Segment Start: SOURCE DATA
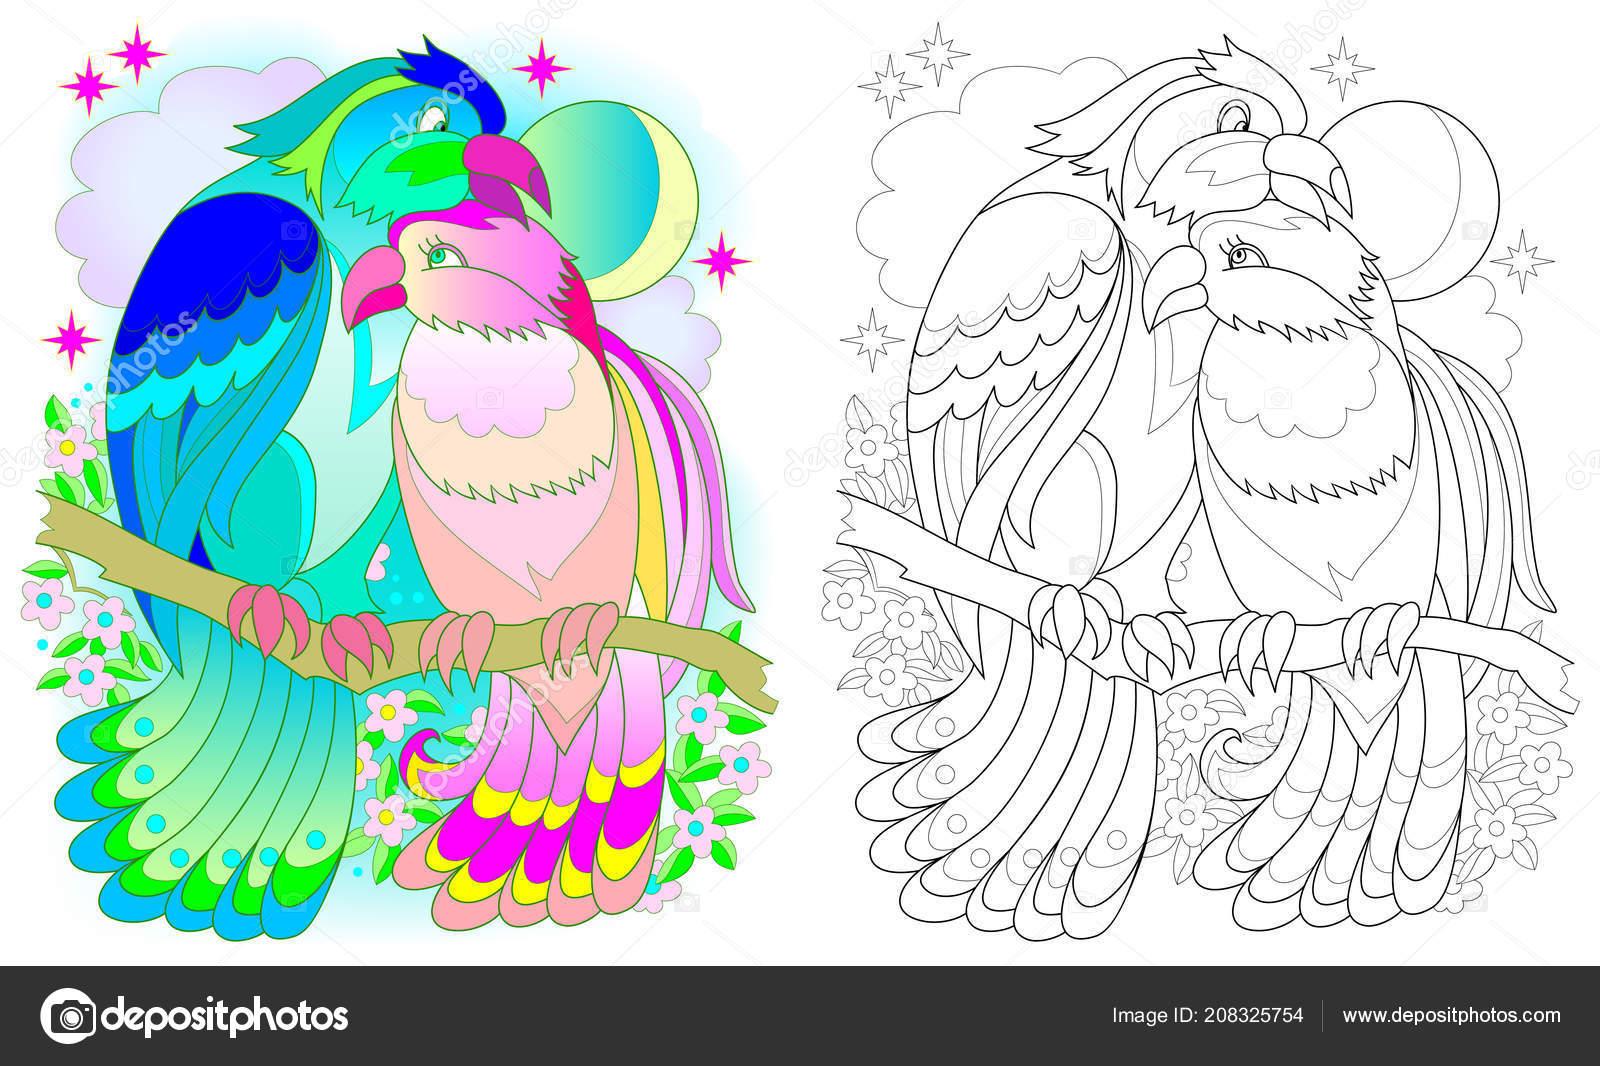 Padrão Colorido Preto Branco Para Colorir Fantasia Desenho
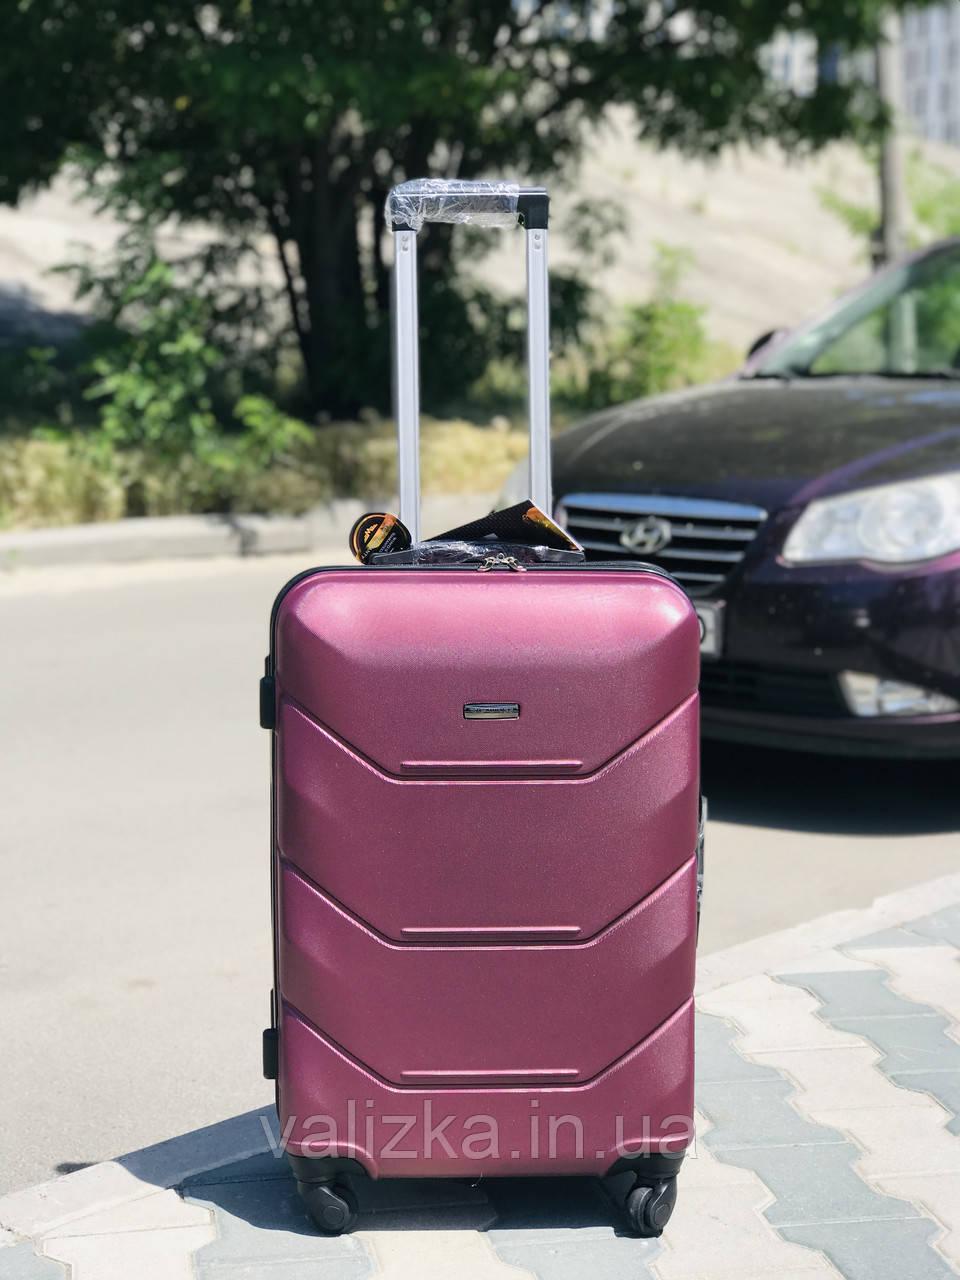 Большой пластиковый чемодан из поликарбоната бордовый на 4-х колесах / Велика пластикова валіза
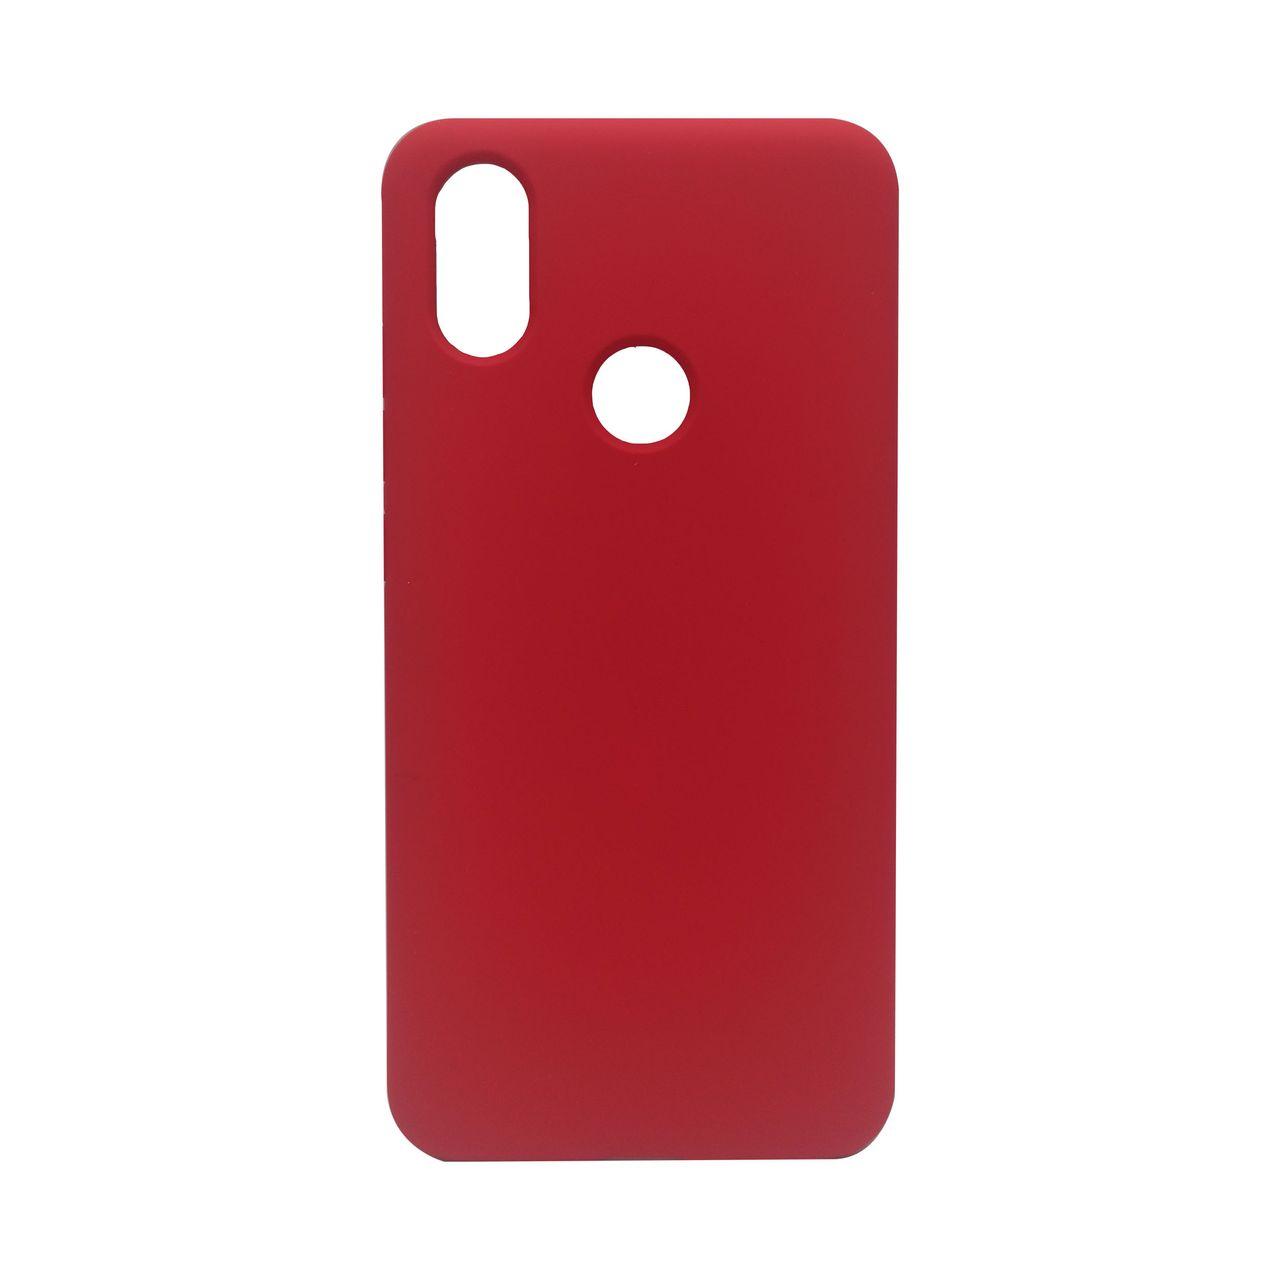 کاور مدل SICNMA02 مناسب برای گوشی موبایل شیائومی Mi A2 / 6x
Segment End: SOURCE DATA
» **TASK INSTRUCTIONS**
Give every line above again exactly, with no pictures.

» **TASK SOLUTION**
 Padrão Colorido Preto Branco Para Colorir Fantasia Desenho
 Большой пластиковый чемодан из поликарбоната бордовый на 4-х колесах / Велика пластикова валіза
 کاور مدل SICNMA02 مناسب برای گوشی موبایل شیائومی Mi A2 / 6x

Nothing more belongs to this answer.